Source records —

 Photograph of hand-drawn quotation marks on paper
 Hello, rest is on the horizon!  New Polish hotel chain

--

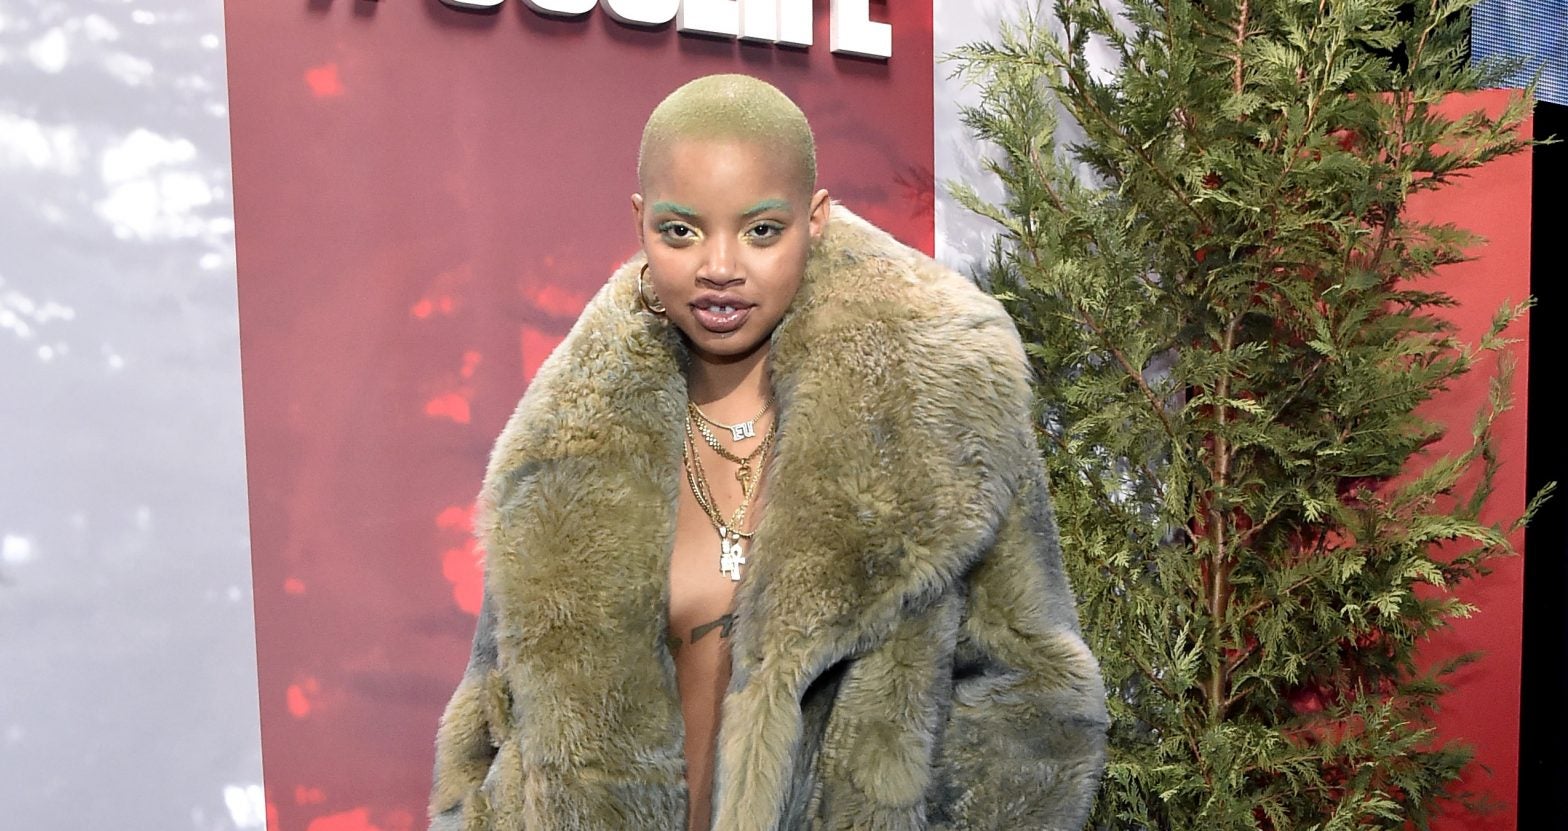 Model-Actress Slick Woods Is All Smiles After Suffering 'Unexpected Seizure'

---

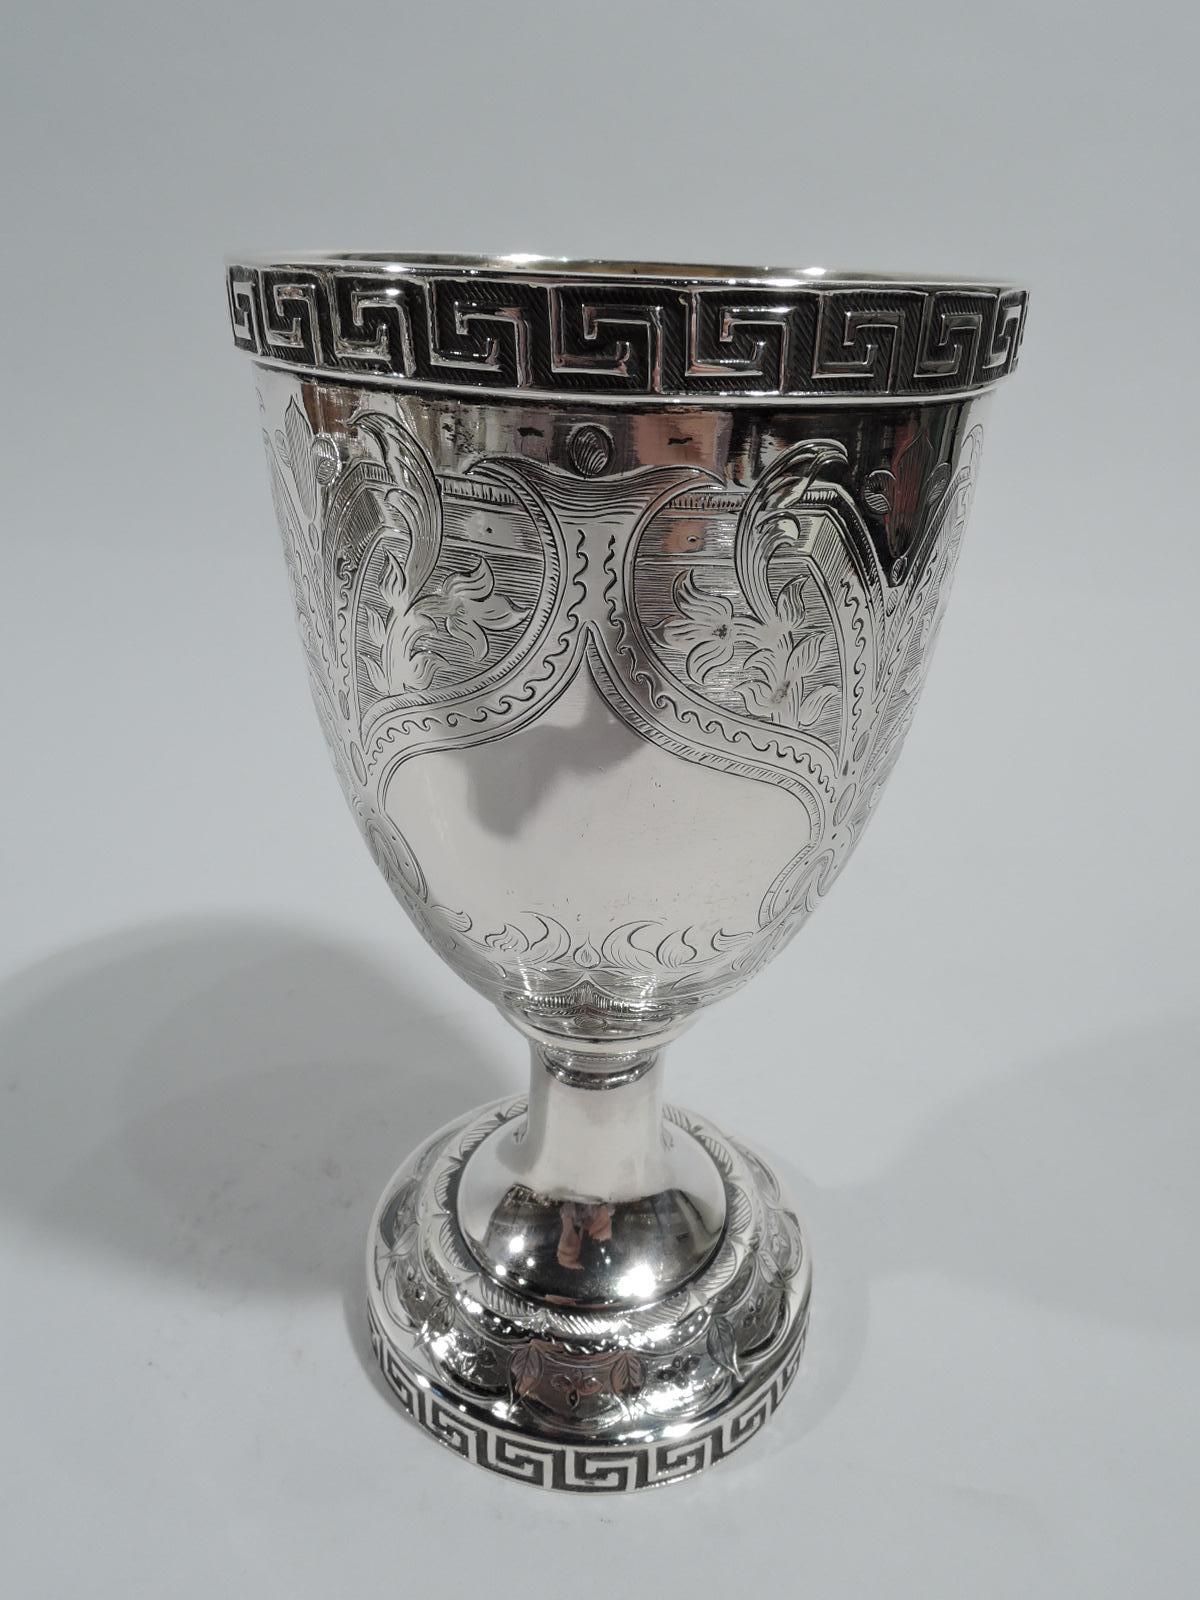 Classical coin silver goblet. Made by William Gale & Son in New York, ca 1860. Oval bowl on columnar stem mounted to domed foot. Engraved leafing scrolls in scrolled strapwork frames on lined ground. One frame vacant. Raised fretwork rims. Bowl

Problem description — From the records above, print exactly the lines that run from the line with "Photograph of hand-drawn" to the line with "Hello, rest is", inclusive.

Response —
 Photograph of hand-drawn quotation marks on paper
 Hello, rest is on the horizon!  New Polish hotel chain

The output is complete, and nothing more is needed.